In 2014, Pichardo Espaillat began developing his first animated feature film, “Olivia & The Clouds.” This project won the Ibermedia 2019 development fund, the DGCINE 2019 FONPROCINE production fund for fiction and animation feature films, and participated in training labs at Animation! at Ventana Sur 2019 (Buenos Aires, Argentina), Berlinale Talents 2023 (Berlin, Germany) and Talents Guadalajara at the Guadalajara International Film Festival 2023 (Guadalajara, Mexico).
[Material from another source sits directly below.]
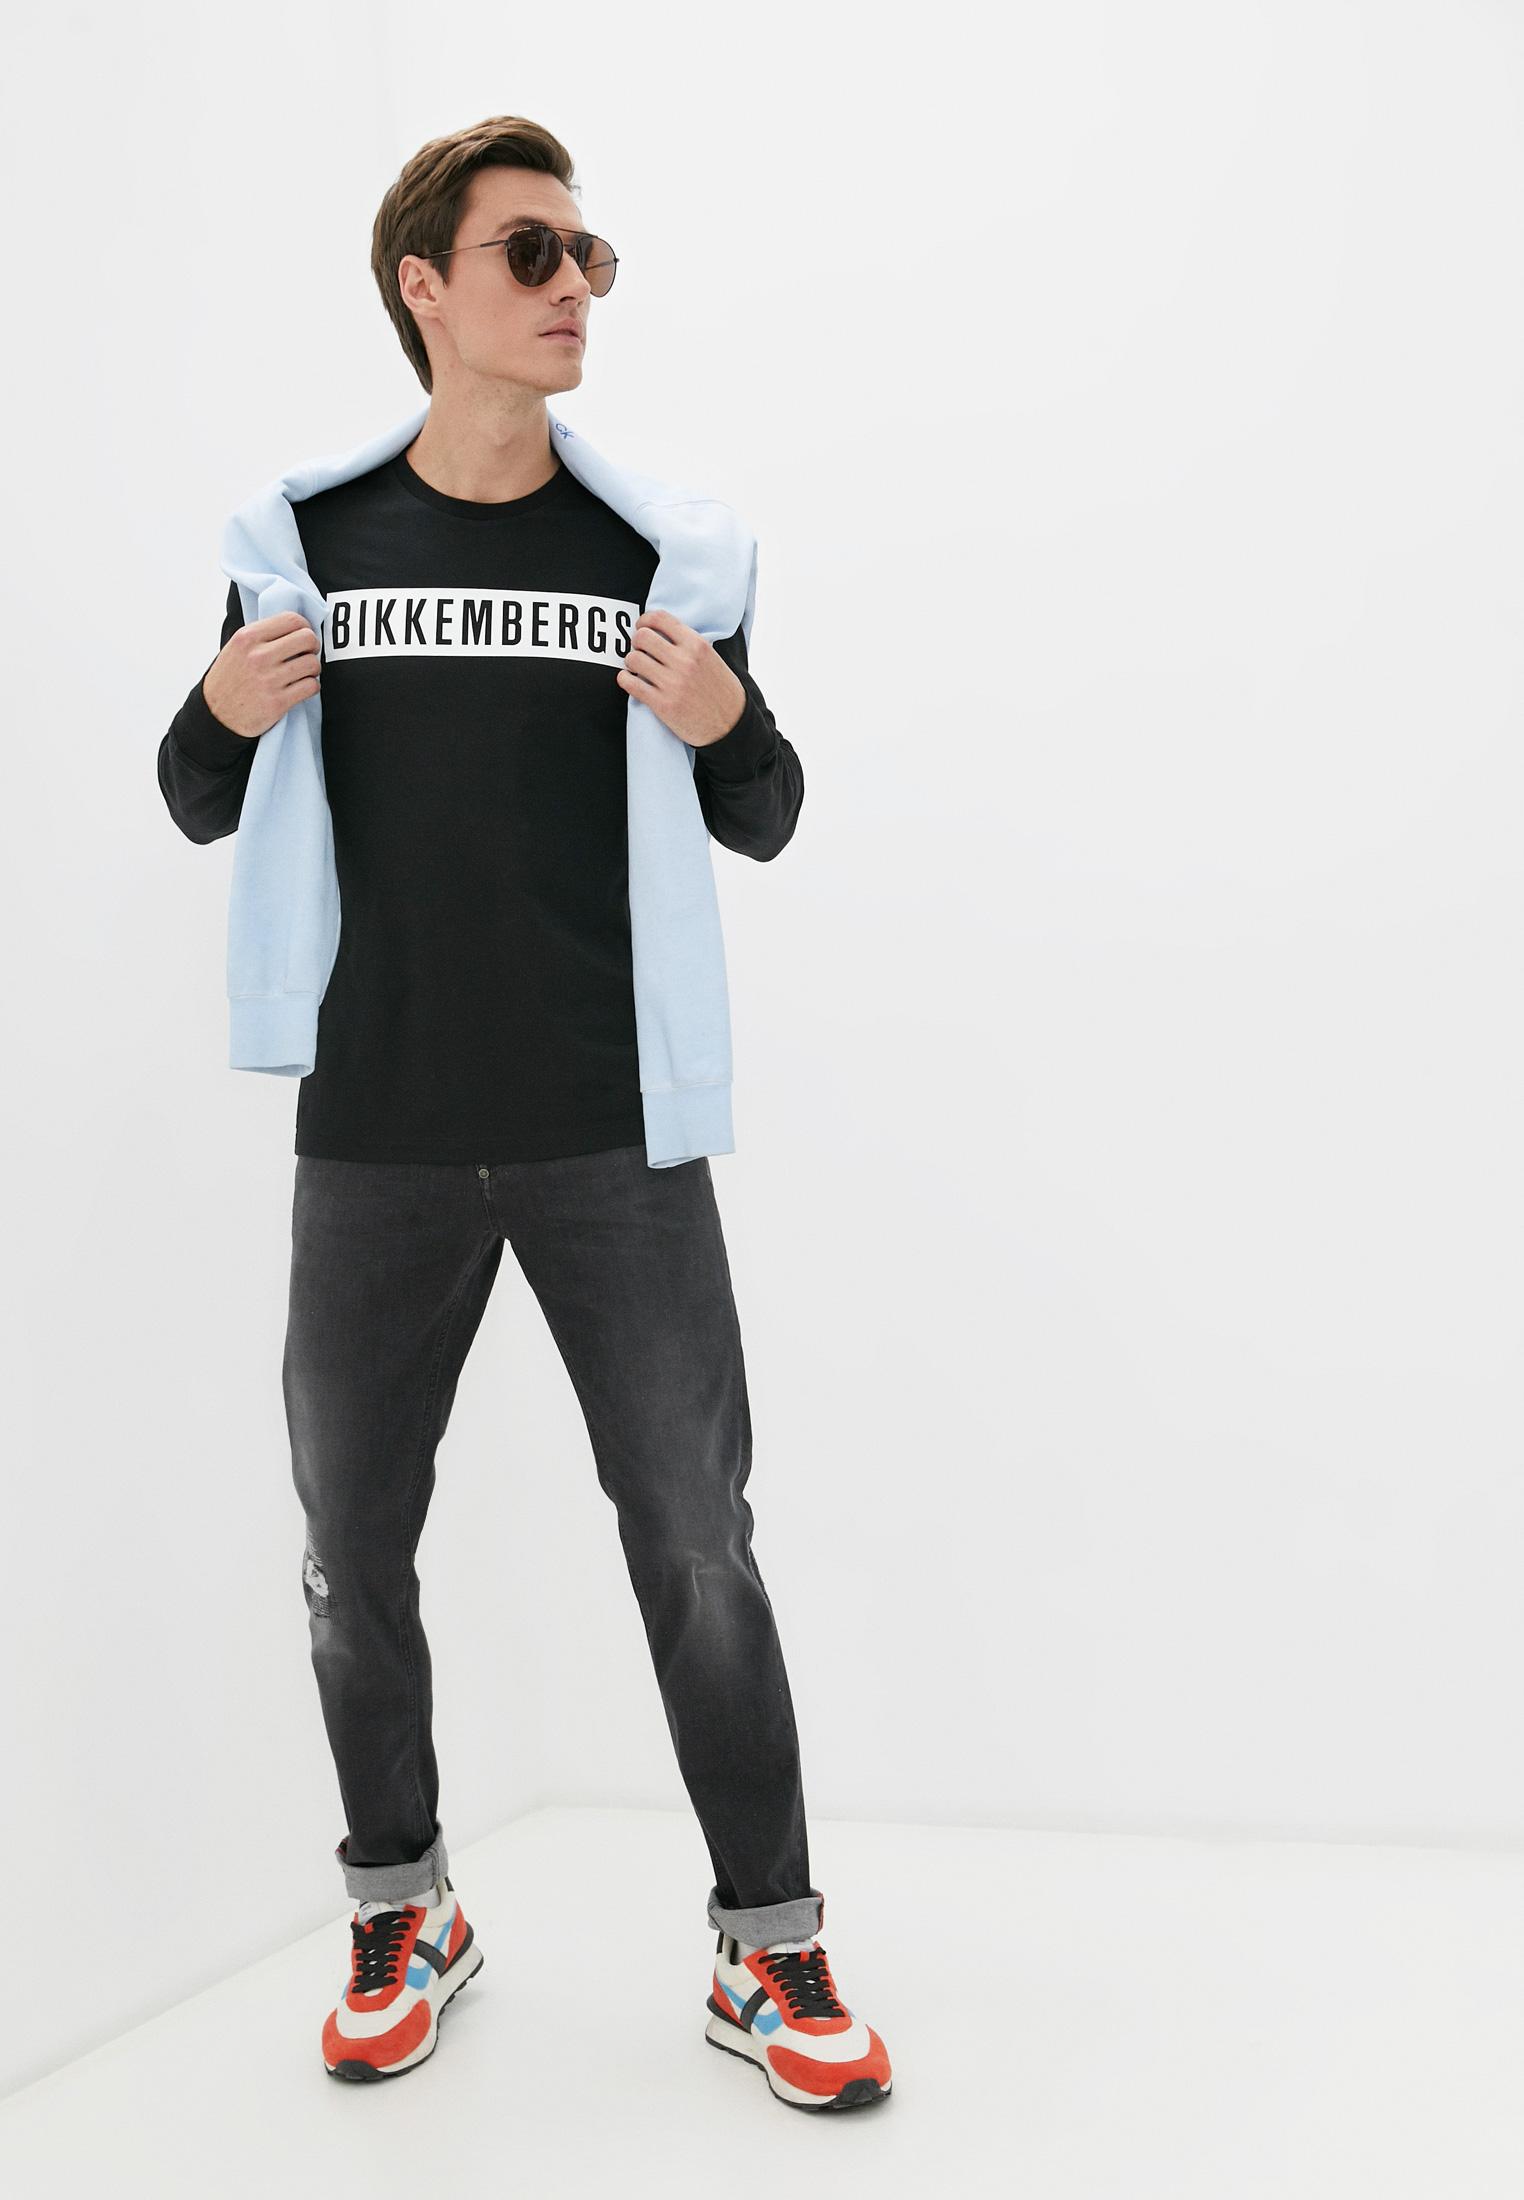 Мужские зауженные джинсы Bikkembergs (Биккембергс) C Q 101 17 S 3446: изображение 8
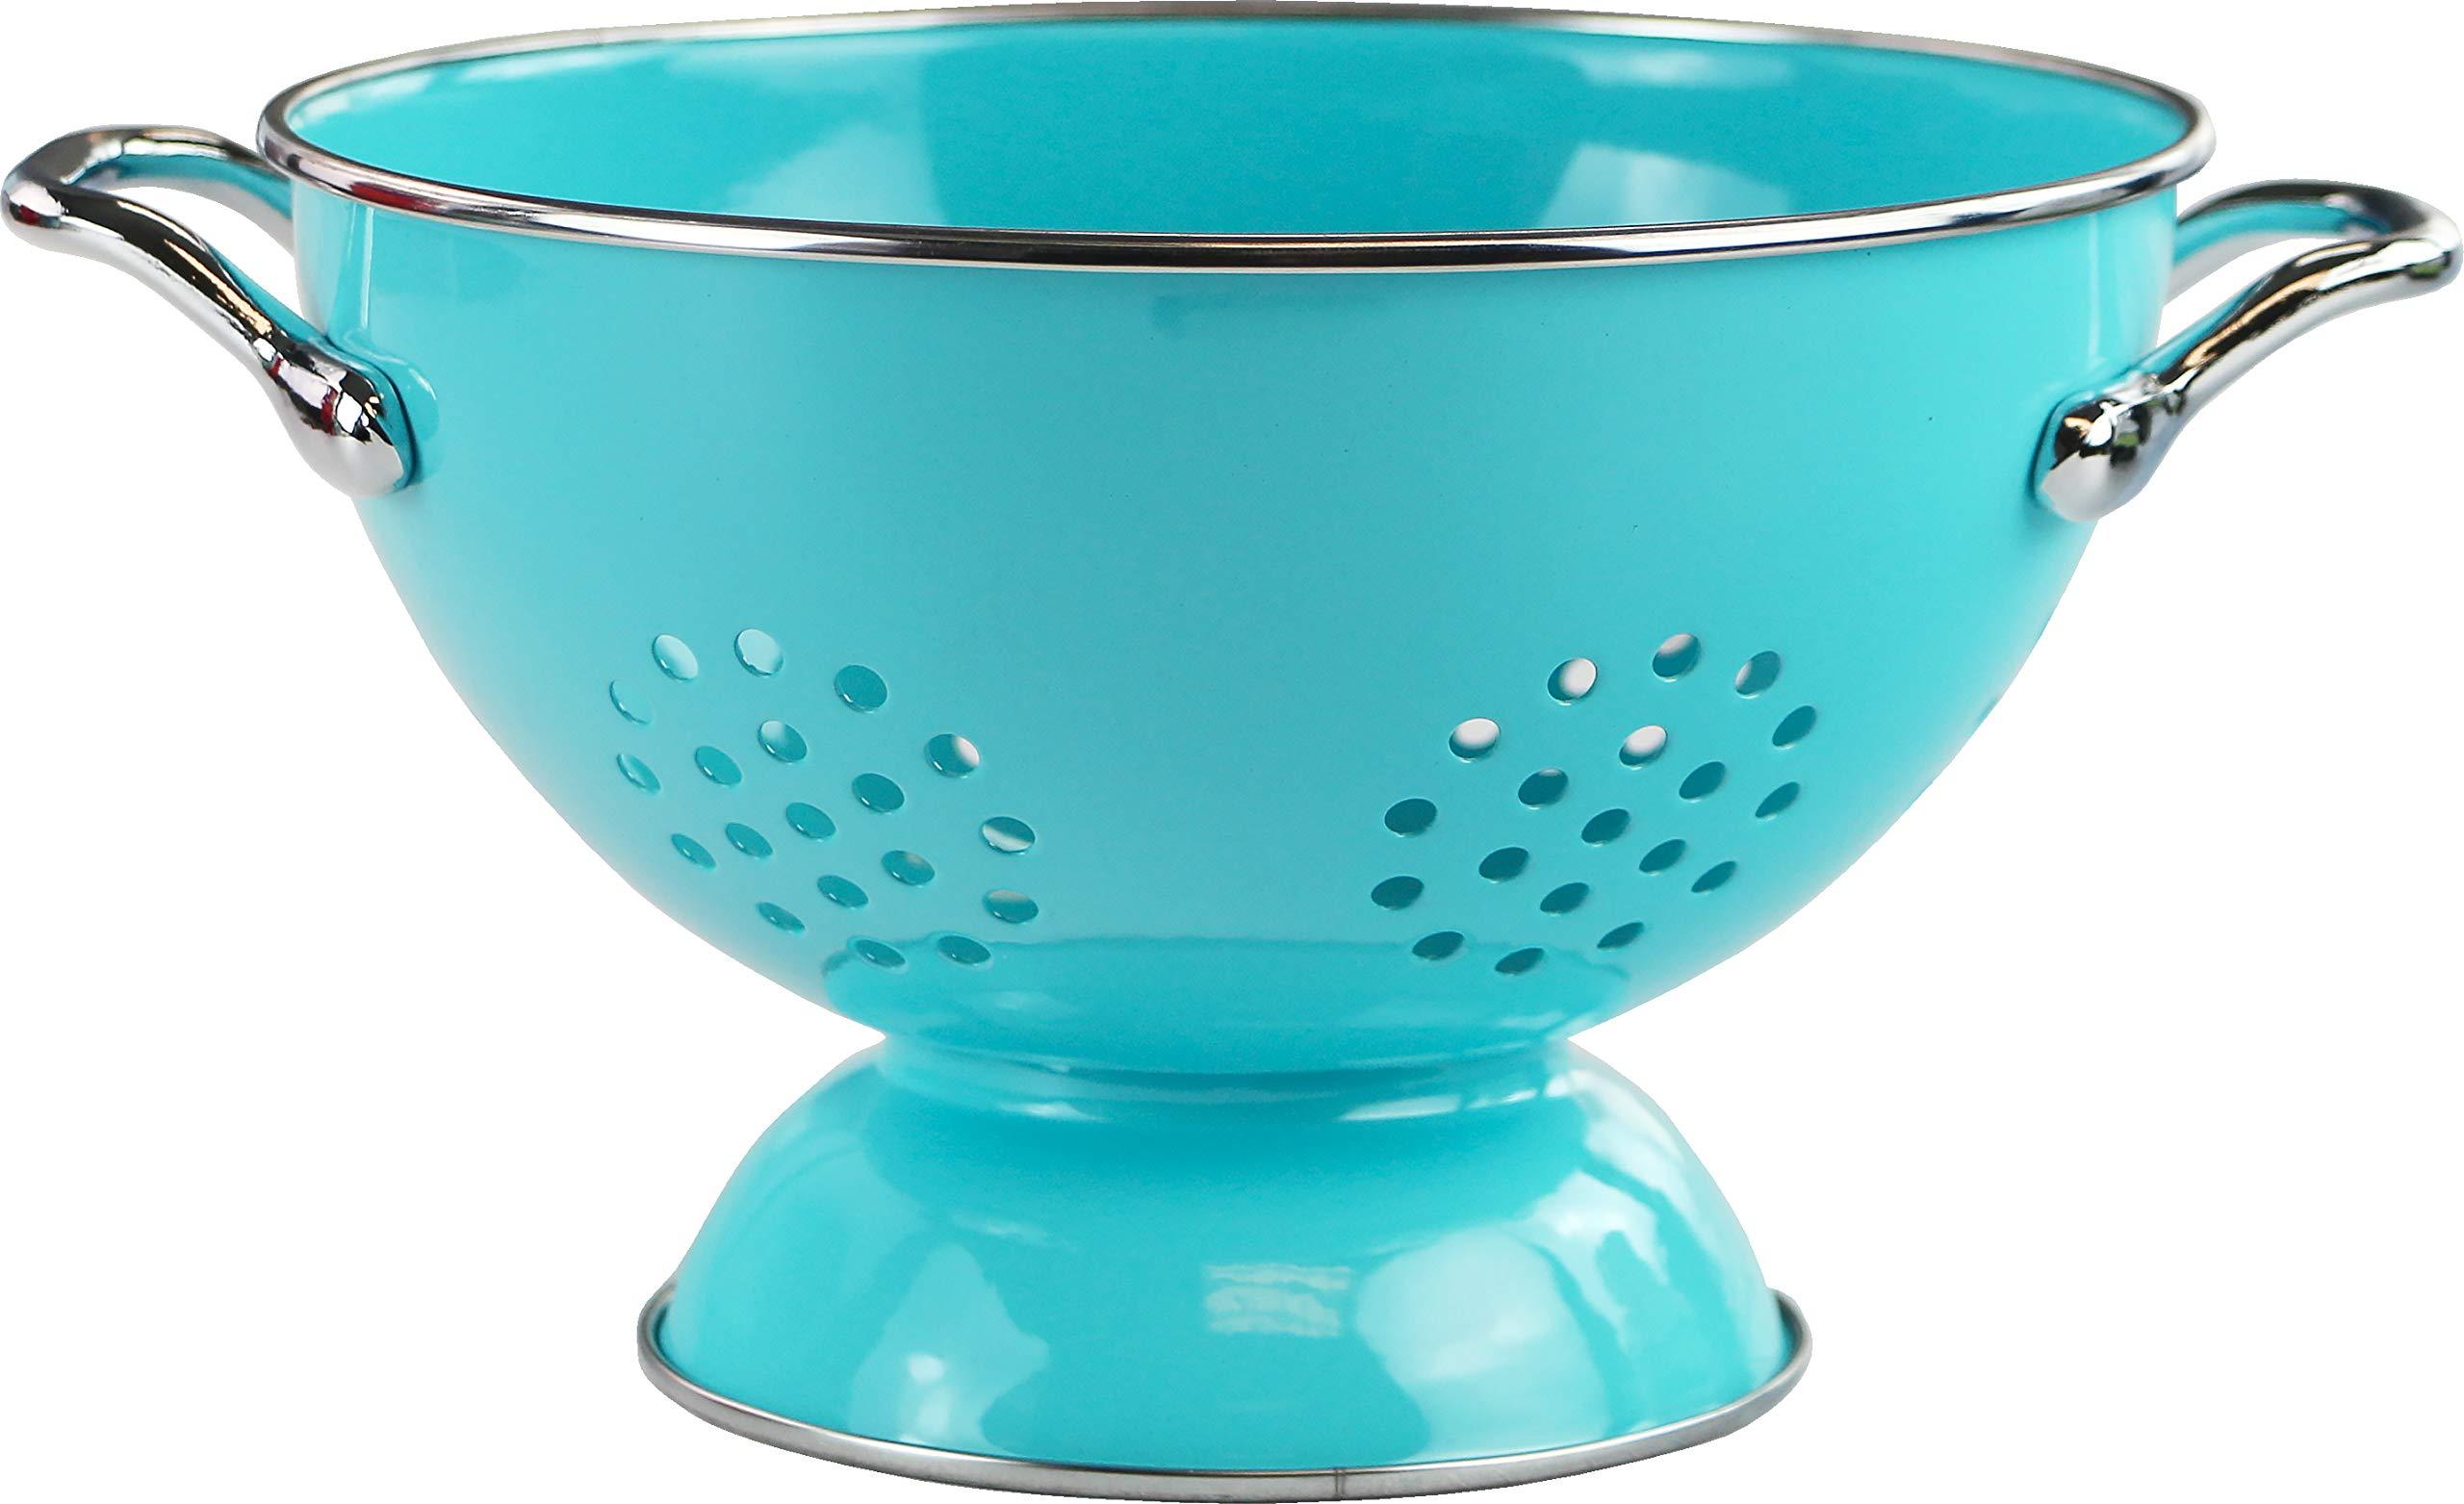 Calypso Basics by Reston Lloyd Powder Coated Enameled Colander, 1.5 Quart, Turquoise

Olivia & the Clouds had its world premiere at the 77th Locarno Film Festival on 15 August 2024, competing for the Concorso Cineasti del Presente award. Prior to its premiere, Miyu Distribution acquired the film's distribution rights.

It also competed at the 2024 Ottawa International Animation Festival, in the Sutherland Trophy section of the 2024 BFI London Film Festival where it won a special mention, and at the 2024 Havana Film Festival where it won Best Animated Film.

In 2025, the film competed in the Harbour section of the 54th International Film Festival Rotterdam, in the Zonazine section of the 28th Málaga Film Festival, where it won the Silver Biznaga for Best Ibero-American Film. In the Contrechamp section of the 2025 Annecy International Animation Film Festival and in the International Animated Feature Films Competition of the 2025 Guadalajara International Film Festival where it won best international animated film.

In 2026, the film competed at the 13th Platino Awards, where it won the award for best animated film, marking the first time a Dominican production has won an award at the Platino Awards.